Mother was not a frequent joke teller, but there was a sense of humor present. She would tell us of the good lady who would fuss and worry, and who would get up Monday morning, wring her hands and say, "My, my. Today is Monday, tomorrow is Tuesday and the next day Wednesday; there's half the week gone and we haven't accomplished a thing." Then she liked to laugh at one of her neighbors who was so regimented in her activities that she would wash her clothes Monday, come sun or high water. Some comet was in the sky and predictions were that on a certain day the world was coming to an end. This day fell on a Monday and when this woman's clothes didn't appear on the line by ten a.m., the neighbors knew of course that she was sick. They rushed to her home only to find her sitting in a rocking chair on the porch, rocking contentedly. To the inquiries as to why, she replied, "If the world is coming to an end today, they're not going to catch me spending the day washing."
She could always amuse us by telling the story of the cook who had eaten one leg of the baked goose before serving it. When the master chided him he replied, "Geese only have one leg," and to prove his statement he took the diners out to the geese corral where, sure enough, the geese were standing on one leg--the other tucked neatly up into the feathers.
"See," he said, with the expression of having won his argument by great wisdom. The host was taken a-back but only for a moment, then he said, "Choo!" and of course the other leg of the geese went down. "Well," said the cook, "Why didn't you say 'Choo' to the goose on the table?"
Mother was easy to talk with. She would, as did others in the community, find time to visit. While I was still quite a young child, I often hooked the buggy horse to the one horse buggy and drove mother "out to the point", about a mile or so south of town to visit Sister Emma Robinson who lived there with her sons, or "up the lane" to "String Town" a mile or so east of town, to visit "Nettie" Larson. The Larsons' had been our neighbors across the street for as long as I can remember.
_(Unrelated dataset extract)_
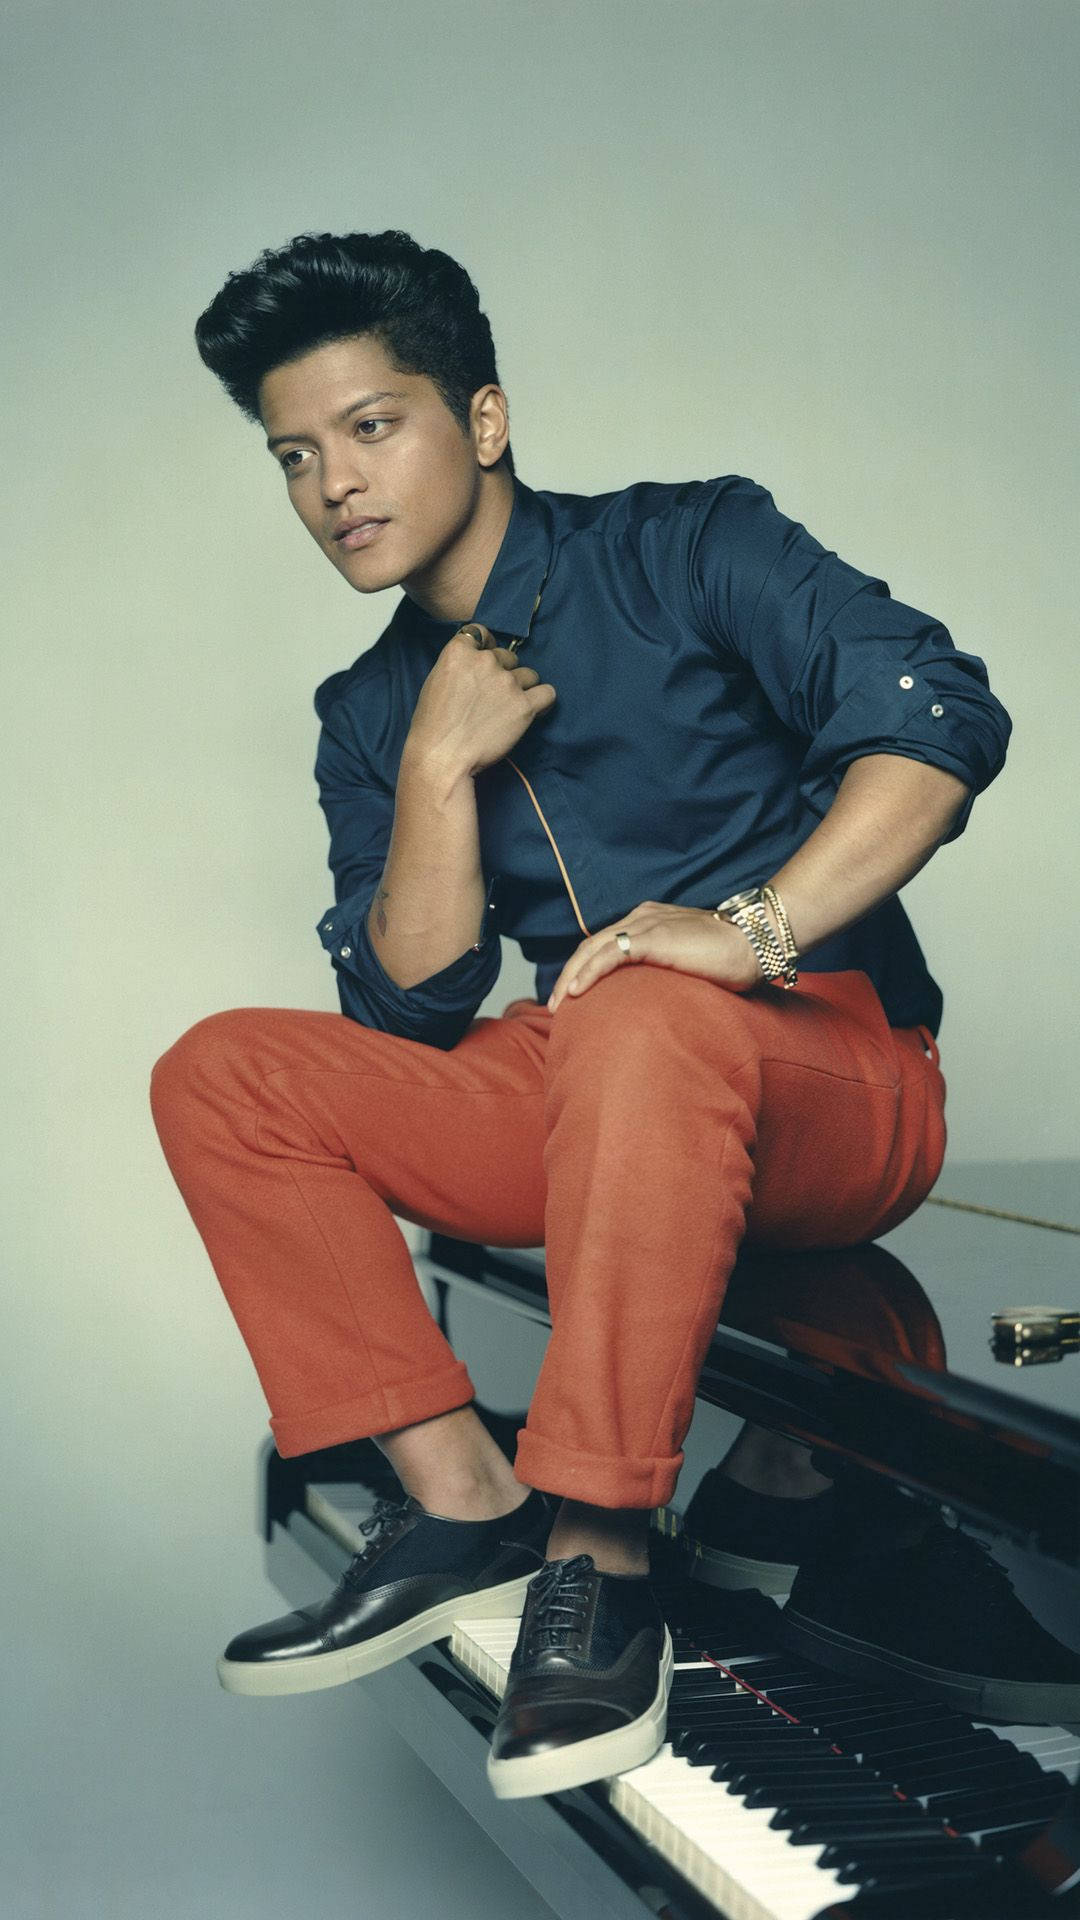 Singer Bruno Mars Showing Off His Piano Skills Wallpaper

They later built a new house on the north side of the same block and still later moved up the Lane about a mile or so east.
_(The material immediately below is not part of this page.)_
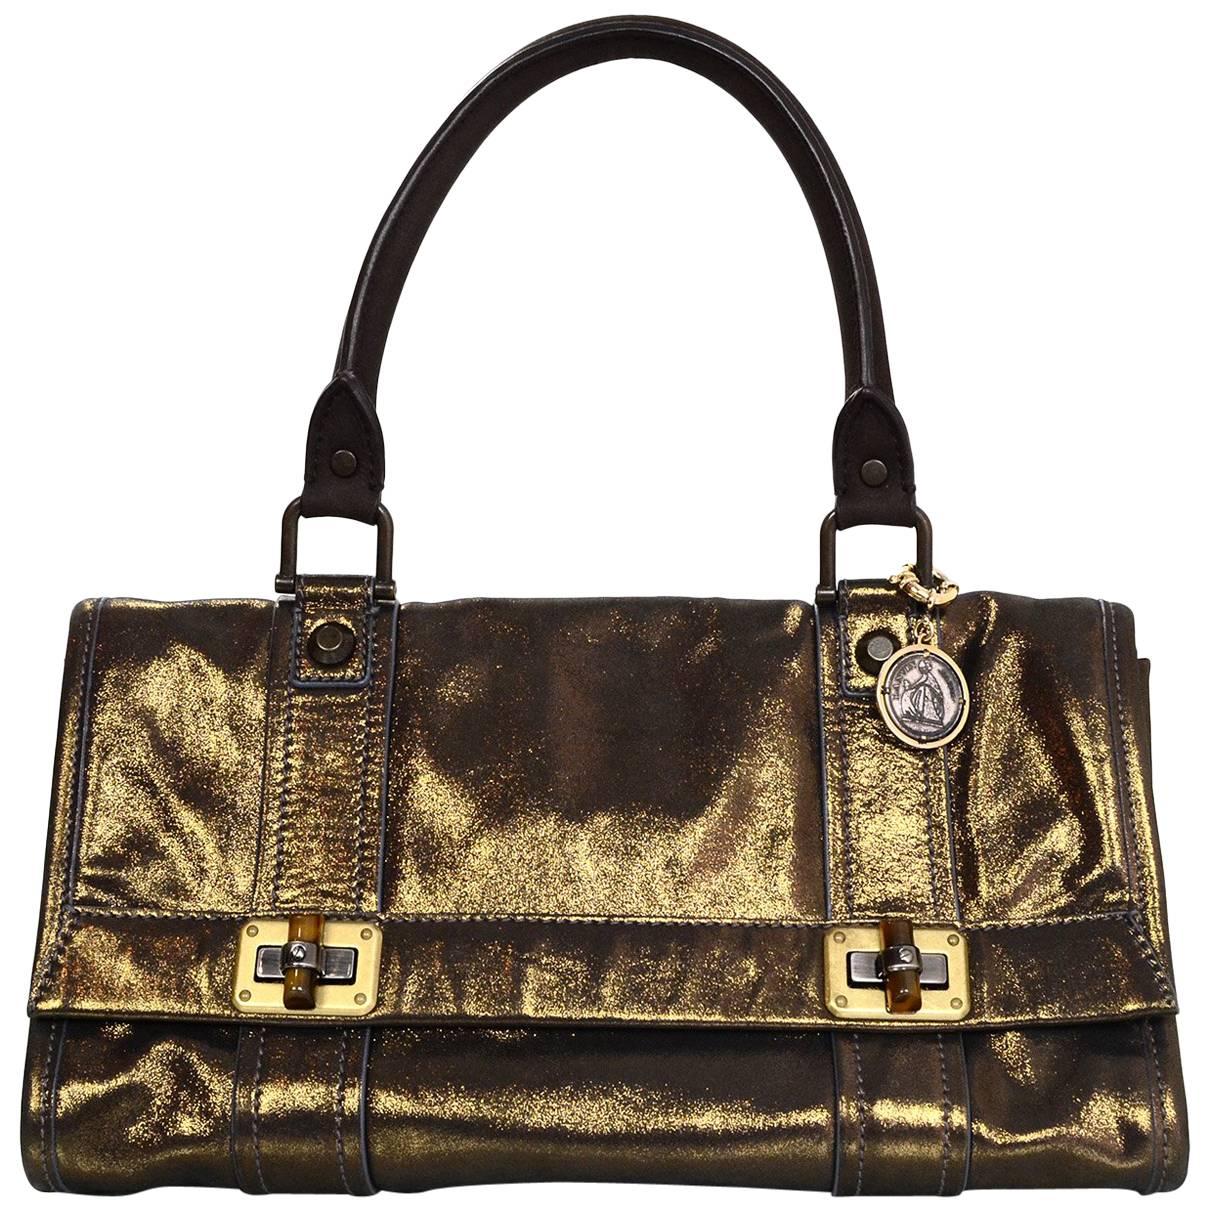  Lanvin Gold Iridescent Handle Bag

It is my recollection that Vanetta Larson was about the nearest to an intimate friend that mother had, although there were other close friends, particularly our Aunt Emily (mother's youngest sister), Emma Tippitts, and Sister Robinson, whom I have mentioned. I remember taking mother (going with mother would be a better term) several times to Three Mile where two large families of Dunns lived. Our Aunt Emma, wife of our Uncle Charles Rick Clark, stands out in my memory too, as a confidential friend. In the town of Paris, about twenty-two miles south lived our Aunt Emily Richards (after her husband moved from Georgetown), sister Rich (wife of President William Rich) , a sister Lake (or Laker) and two or three more whose names have left me.